Air Tahiti Nui’s 787 Dreamliners Return To New Zealand

Air Tahiti Nui is resuming flights to New Zealand. But there is a catch – these flights will only carry cargo. However, there’s room for passengers on the flights, and Air Tahiti Nui is hopeful this will happen reasonably soon. For the time being, weekly cargo flights using Boeing 787-9 Dreamliners will begin on June 10.

air-tahiti-nui-new-zealand
Air Tahiti Nui will offer a weekly cargo service to New Zealand from June 10. Photo: Air Tahiti Nui

“The announcement is a lifeline to the airline’s New Zealand operations as well as New Zealand trade,” says Air Tahiti Nui’s General Manager Pacific Daniel Eggenberger. “The much-publicized disruption to the domestic supply chain can in part be attributed to the depletion of air cargo services connecting key markets, and we are very pleased to now be in a position to assist this.”

Weekly flights see Air Tahiti Nui planes back at Auckland Airport

Across the southern hemisphere winter season, Air Tahiti Nui’s cargo flights to Auckland will depart Papeete on Wednesday morning for the five-hour plus flight.  That flight will cross the International Date Line, meaning the Dreamliner will touch down in Auckland on Thursday morning.

Two hours later, the Air Tahiti Nui service will depart Auckland Airport at lunchtime and head back to Papeete.

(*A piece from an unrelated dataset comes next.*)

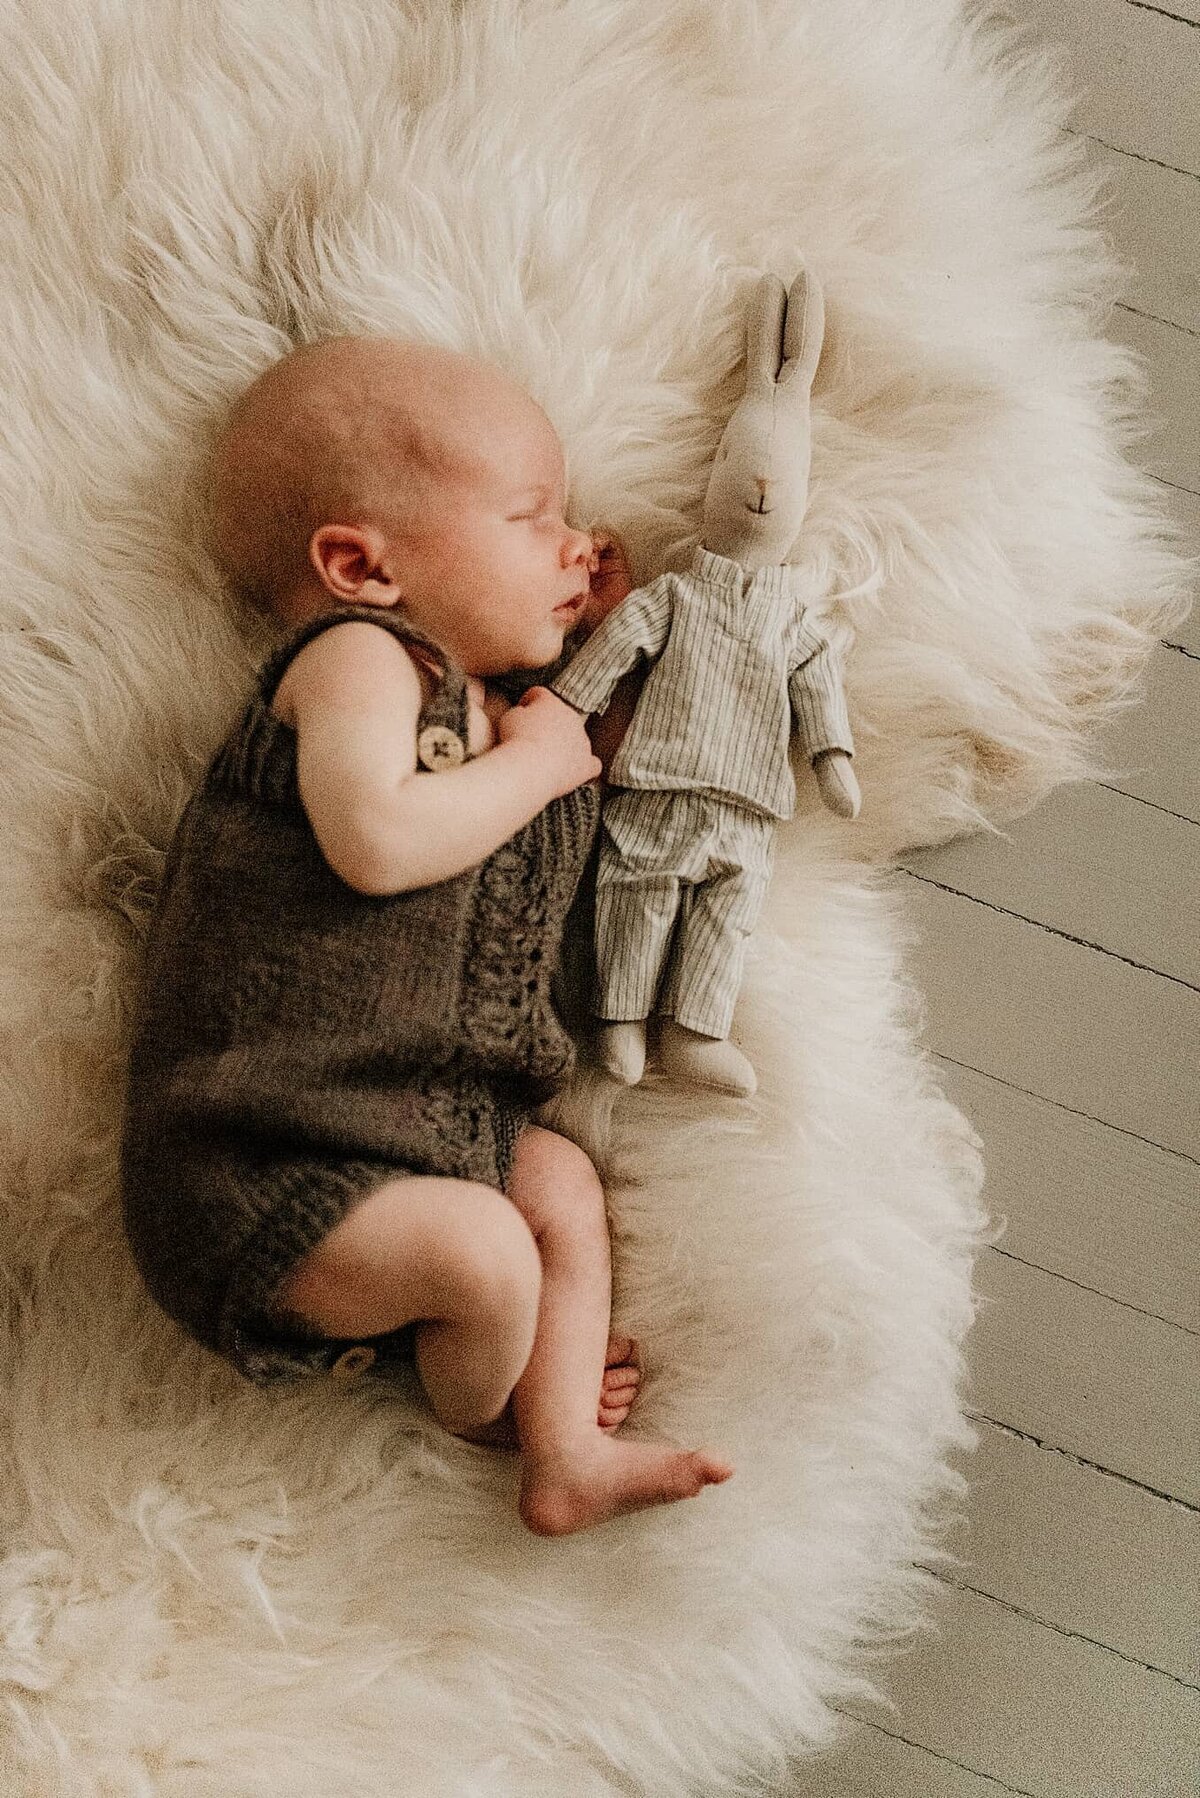 En nyfødt gutt ligger på saueskinn og sover under nyfødtfotografering.

Owing to the magic of the dateline, the plane will land in Papeete on Wednesday evening – 18 odd hours before the plane departed Auckland.

Until the travel downturn, Air Tahiti Nui had flown to New Zealand for two decades. New Zealand’s biggest airport, Auckland, served as a handy hub for flights into Polynesia and French Polynesia.

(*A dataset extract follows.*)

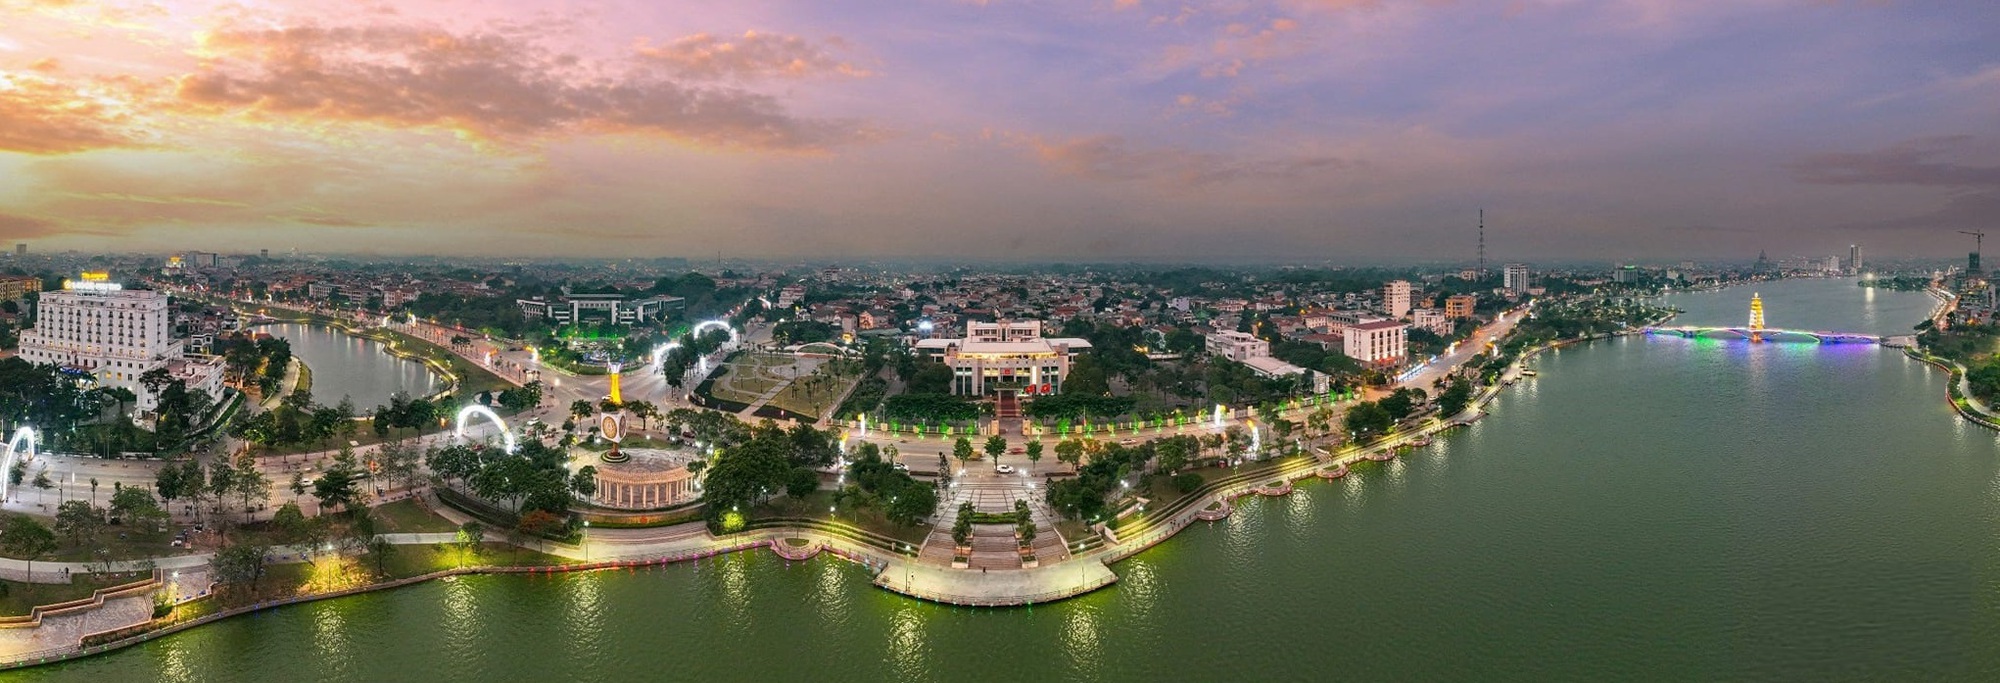 Phương án sáp nhập xã, huyện mới nhất giai đoạn 2023 - 2025 tại Phú Thọ như thế nào? - Ảnh 1.

Since 2018, Air Tahiti Nui had flown its swish Dreamliners between its Papeete base and Auckland three times a week. But since March 2020, the airline has operated a total of four flights to New Zealand.

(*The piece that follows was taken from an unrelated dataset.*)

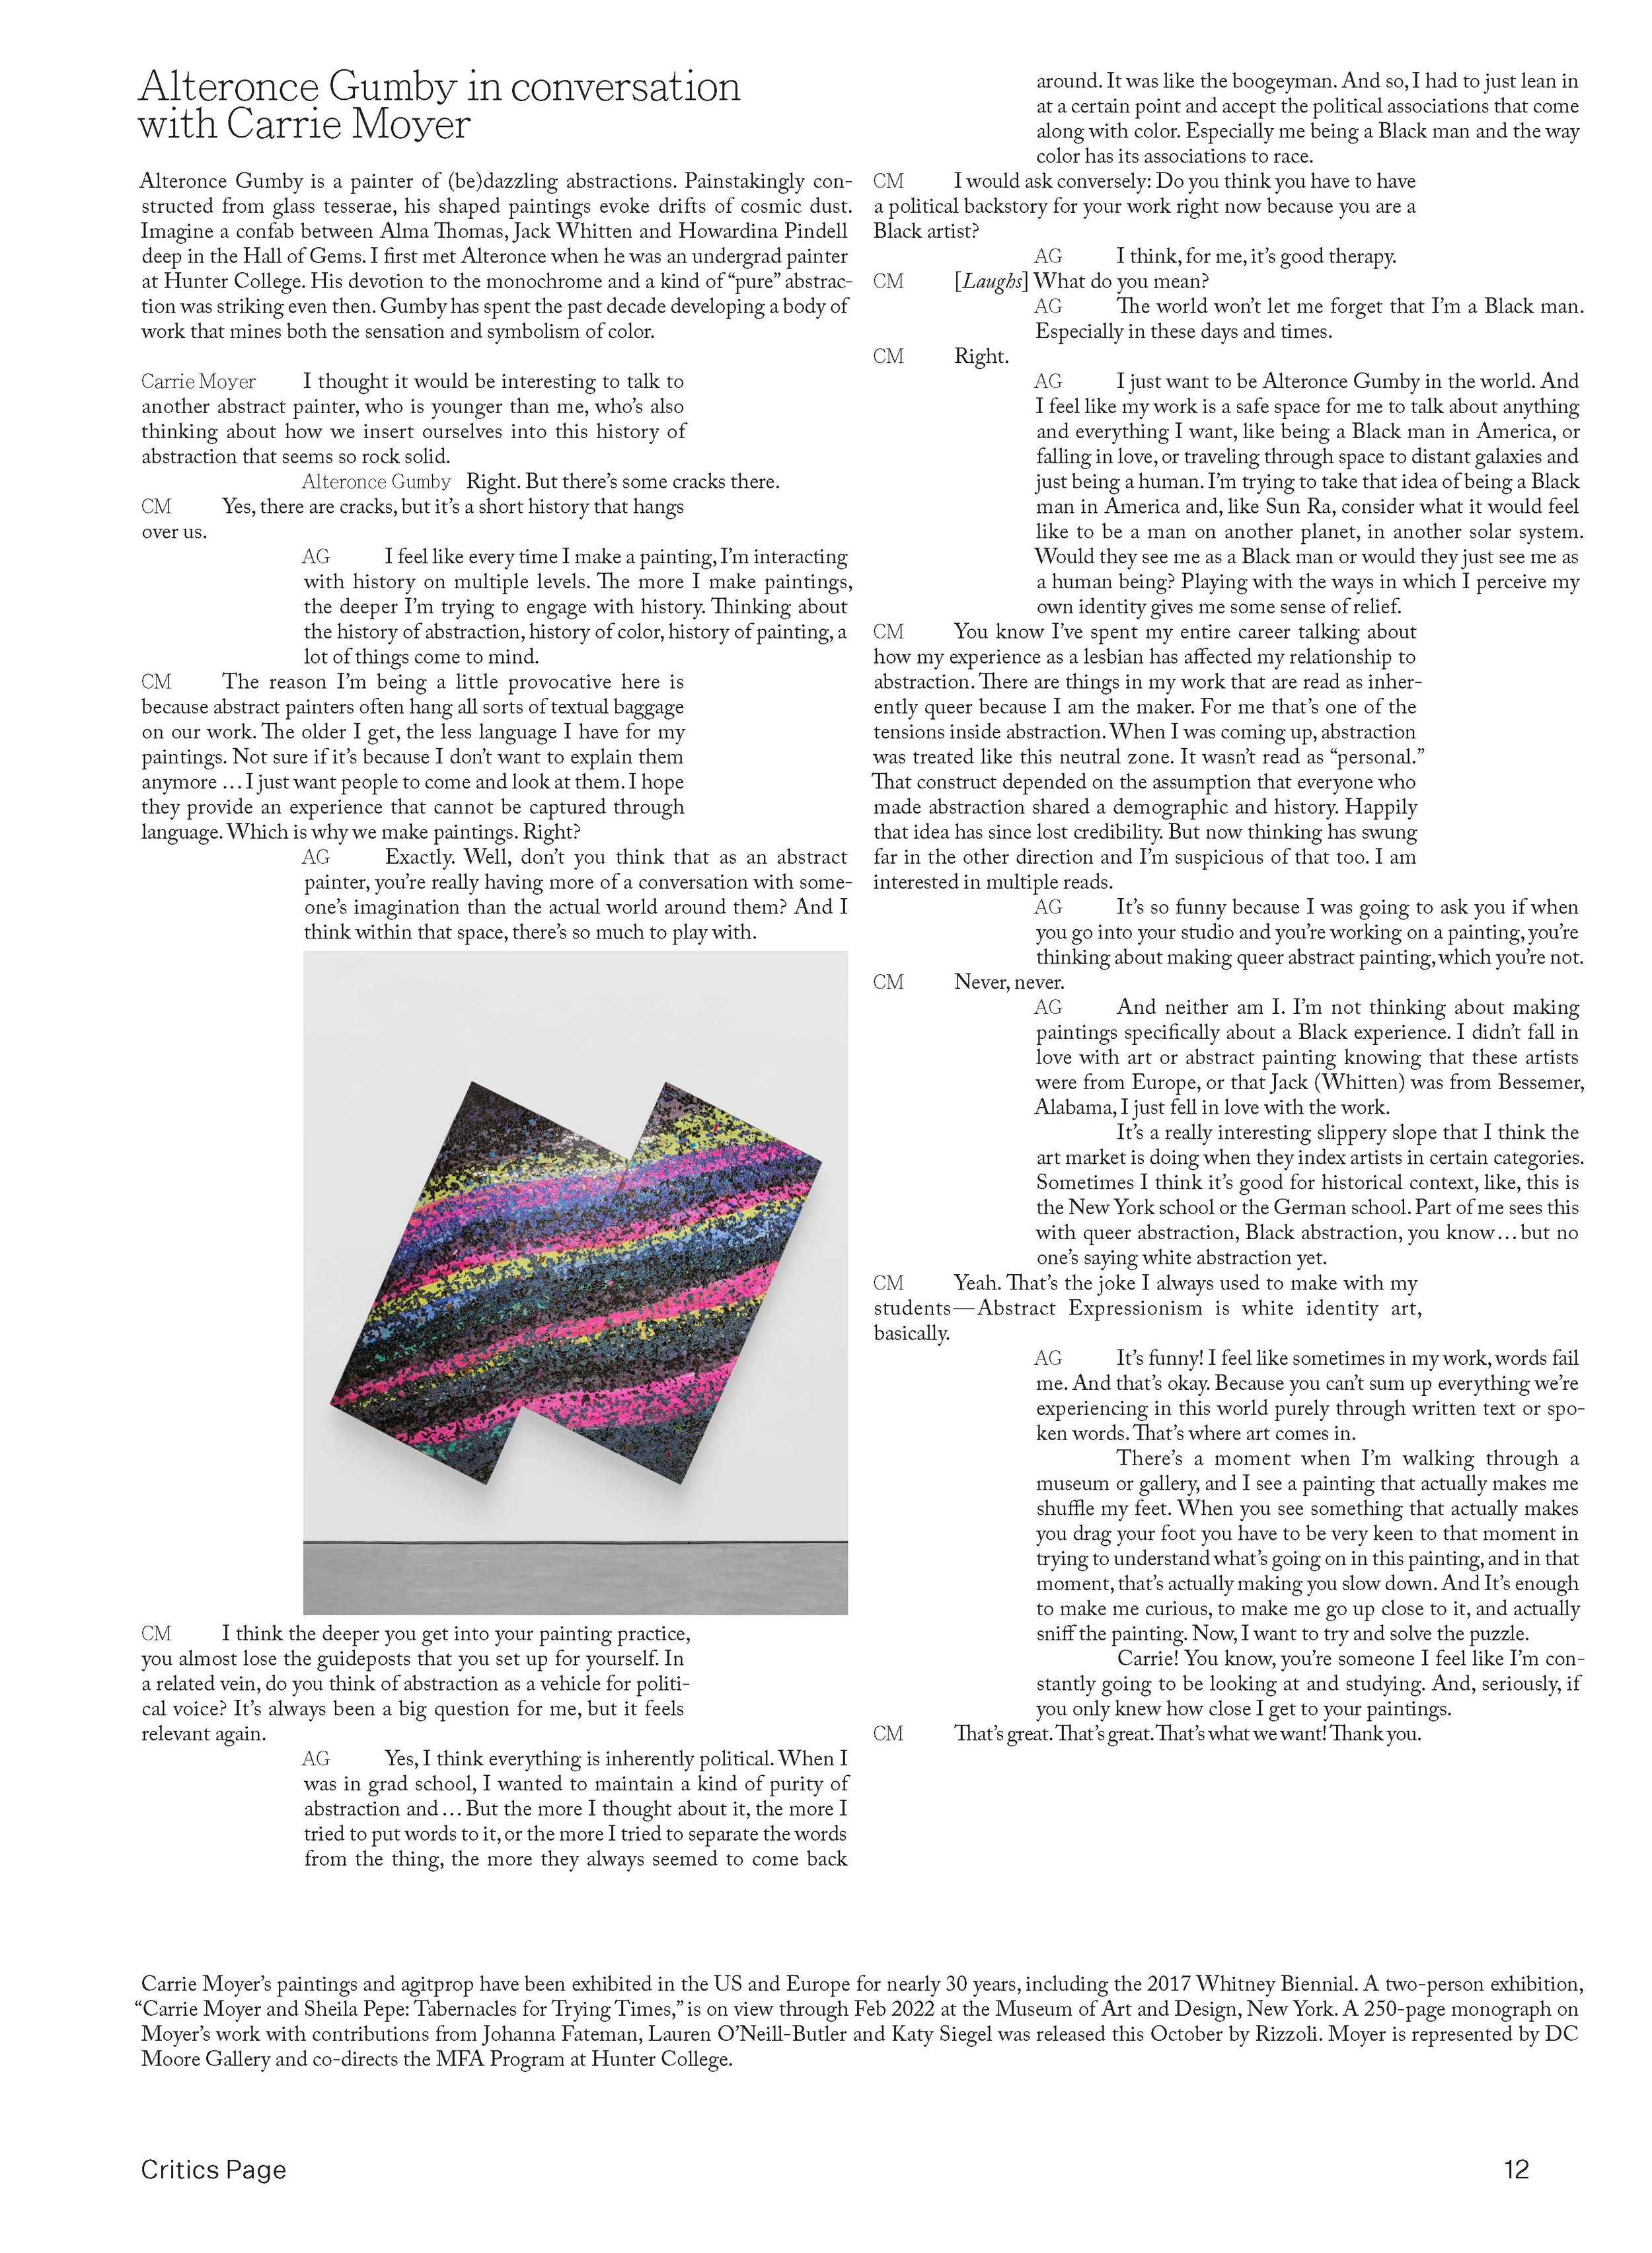 BR_Nov2021_CriticsPage_design_final copy_Page_11.jpg

air-tahiti-nui-new-zealand
An Air Tahiti Nui Boeing 787-9 Dreamliner in Papeete. Photo: Air Tahiti Nui

Stay informed: Sign up for our daily and weekly aviation news digests.

New Zealand freight scheme underwrites Air Tahiti Nui flights

French Polynesia remains off-limits to New Zealanders. Exemptions may apply for repatriation, family, or medical evacuation reasons. But with French Polynesia opening up to tourists from the United States and Air Tahiti Nui stepping up its services into Los Angeles, the welcome mat may soon be laid out for New Zealanders as well.

Supporting Air Tahiti Nui’s return to New Zealand is that country’s International Air Freight Capacity (IAFC) scheme. The IAFC was set up at the start of the travel downturn to maintain freight links in and out of New Zealand. Most airline cargo is carried in the cargo holds of passenger flights. But with borders closing and passenger demand in free-fall, airlines slashed services into New Zealand.

The IAFC subsidies airlines to maintain essential cargo services into New Zealand. The scheme has the dual role of getting imports into New Zealand and getting exports out. Air Tahiti Nui recently won a New Zealand Government contract to provide these new cargo flights with subsidies still on offer.

air-tahiti-nui-new-zealand
Air Tahiti Nui is keen to resume flying passengers to and from New Zealand. Photo: Air Tahiti Nui

Chickens and other livestock get a nice ride

With Air Tahiti Nui flying to Los Angeles and about to resume services to Europe, the airline wants to use Papeete as a transit point for onward cargo. Air Tahiti Nui’s Dreamliners can carry more than 24 tonnes of cargo. Daniel Eggenberger says 60% of that is onward cargo.

New Zealand’s export market into Europe and the United States is worth billions of dollars annually. Air Tahiti Nui says they will be flying mostly meat, meat products, dairy, fruit, flowers, and air-freighted livestock, especially poultry. The airline’s Dreamliners will make a better than average traveling coop for your run-of-the-mill chicken.

Mr Eggenberger says the opening of air freight services marks a significant development in the resumption of operations from New Zealand. He hopes his planes out of New Zealand will be carrying people as well as assorted livestock soon.